This maps naturally to engineering organizations:
- Low \(\gamma\) → optimize quarterly metrics.
- High \(\gamma\) → invest in long-term infrastructure and reliability.
Value Functions
A value function answers: how good is this state?
\[V(s) = \mathbb{E}\left[\sum_{k=0}^{\infty} \gamma^k R_{t+k+1} \;\middle|\; S_t = s\right]\]A state can have immediate reward = 0 yet very high value. In chess, a position may have no immediate reward while being one move away from a forced win.

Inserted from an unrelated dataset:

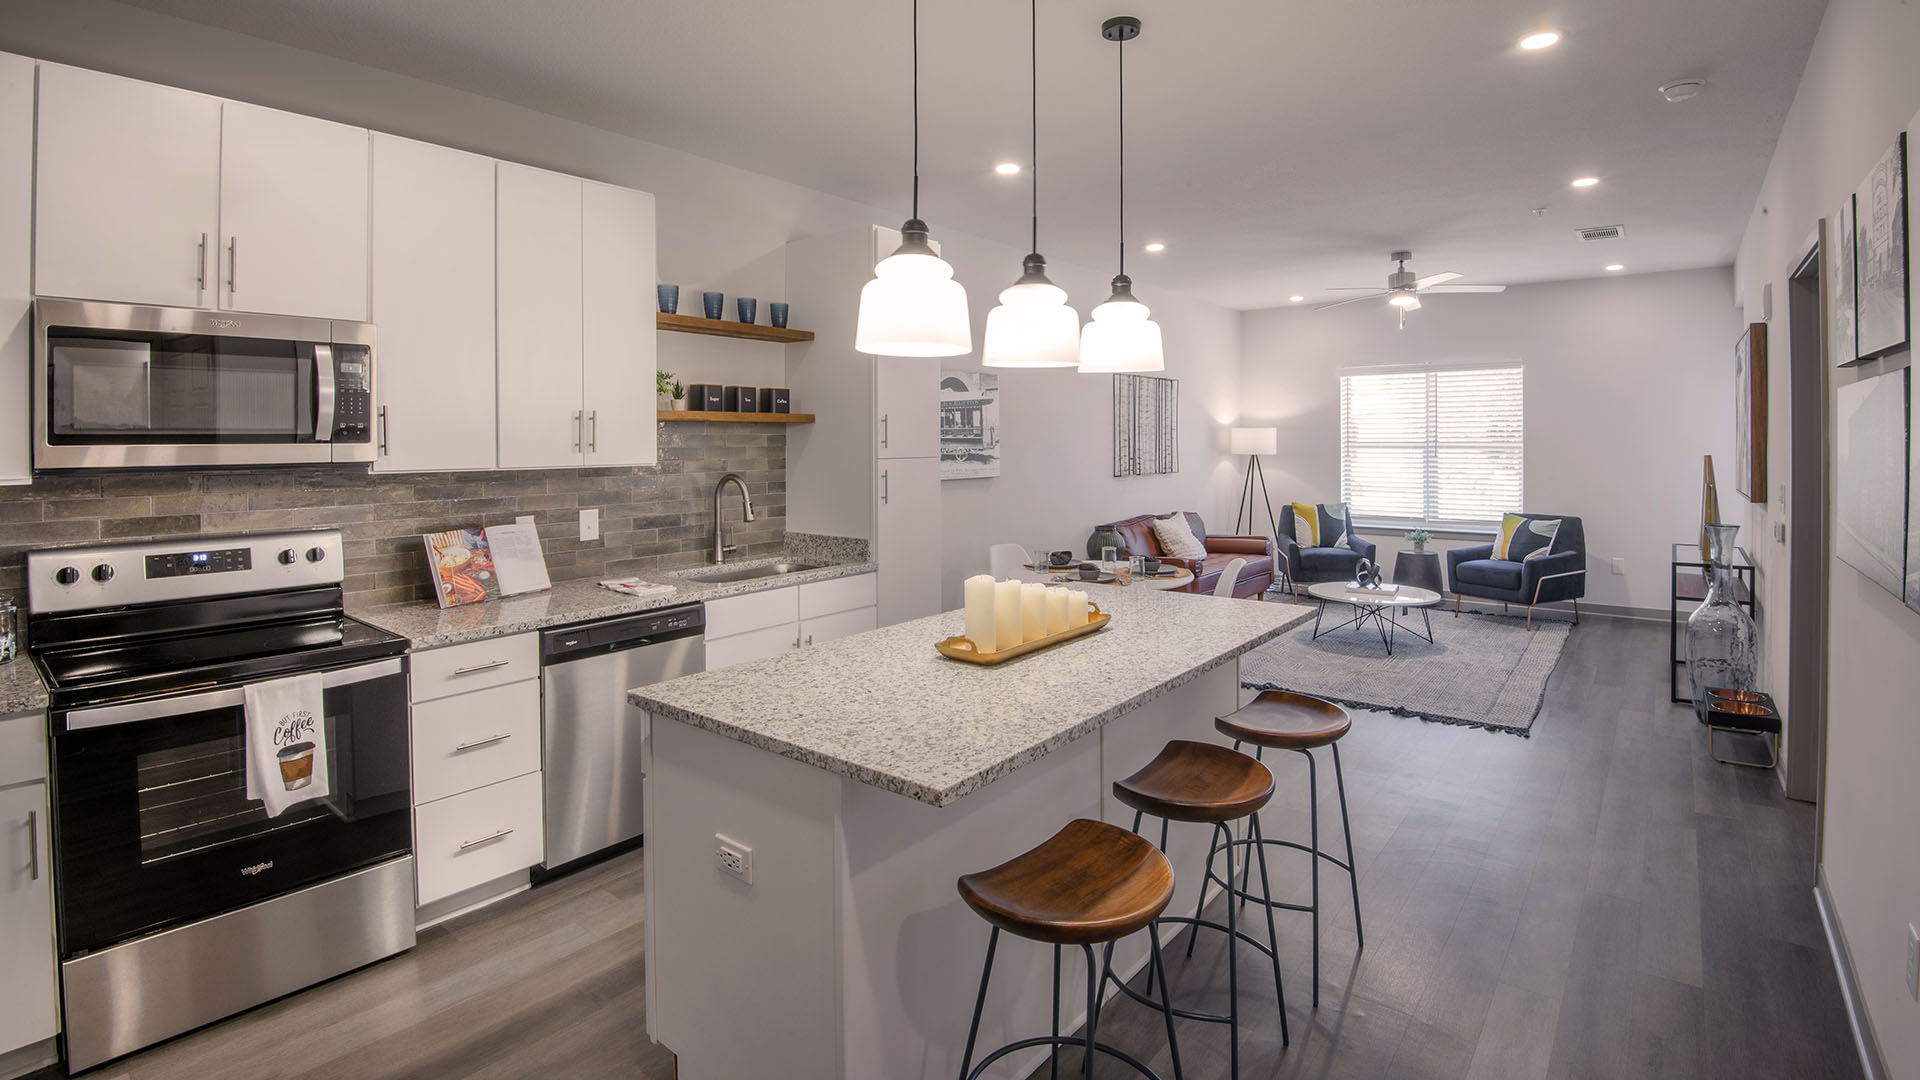 birmingham al apartments - Axel Row Apartments - Bright kitchen adjacent to living room featuring stainless steel appliances, white cabinetry, granite countertop island with wooden stool seats, and three white hanging ceiling lights.

Reward is a fact. Value is a prediction.
Action-Value Functions
Sometimes we care about specific actions rather than states. This gives us \(Q(s, a)\):
\[Q(s, a) = \mathbb{E}\left[G_t \mid S_t = s, A_t = a\right]\]Example:
Q(s, Attack) = 80
Q(s, Defend) = 30
→ Choose Attack
A policy can be derived directly from Q-values:
\[\pi(s) = \arg\max_a \; Q(s, a)\]Relationship Between V and Q
If we know all Q-values:
\[V(s) = \max_a \; Q(s, a)\]Q-values contain more information than state values — they tell us how good every action is, not just the best achievable value. The chain is:
\[Q\text{-values} \;\rightarrow\; V\text{-values} \;\rightarrow\; \text{Policy}\]Bellman’s Key Insight
The most elegant idea in RL: the value of a state can be expressed recursively.
Return satisfies:
\[G_t = R_{t+1} + \gamma G_{t+1}\]Which gives the Bellman equation:
\[V(s) = \mathbb{E}\left[R_{t+1} + \gamma V(S_{t+1}) \mid S_t = s\right]\]In words:
\[\underbrace{V(s)}_{\text{Value now}} = \underbrace{R}_{\text{Reward now}} + \underbrace{\gamma \cdot V(s')}_{\text{Discounted future value}}\]This recursive structure is the foundation of:
- Dynamic Programming
- TD Learning
- SARSA, Q-Learning
- Value Iteration, Policy Iteration
Most classical RL is just different ways of solving or approximating Bellman equations.
Key Takeaway
The biggest shift in thinking: RL is not about maximizing immediate rewards — it is about reaching valuable future states.
A move with zero immediate reward can be better than a move with a positive reward if it leads to a significantly better future.
That single idea motivates value functions, Bellman equations, planning, and much of reinforcement learning itself.
Bellman Equations and the Bellman-Ford Connection
The Bellman equation started feeling much less abstract once I noticed its similarity to shortest path algorithms.
Suppose we have a simple chain of states:
A -> B -> Goal
with \(V(\text{Goal}) = 100\) and \(\gamma = 0.9\).
Using the Bellman update:
\[V(s) = R + \gamma V(s')\]value propagates backwards through the graph:
\[V(B) = 0 + 0.9 \times 100 = 90\] \[V(A) = 0 + 0.9 \times 90 = 81\]This immediately reminded me of the Bellman-Ford shortest path algorithm, where distance information propagates backwards from the destination through repeated edge relaxations.
In Bellman-Ford we repeatedly update:
\[\text{dist}(u) = \min\bigl(\text{dist}(u),\; w(u,v) + \text{dist}(v)\bigr)\]In value iteration we repeatedly update:
\[V(s) = \max_a \bigl(R + \gamma V(s')\bigr)\]The mathematics is surprisingly similar:
- Bellman-Ford propagates distance information.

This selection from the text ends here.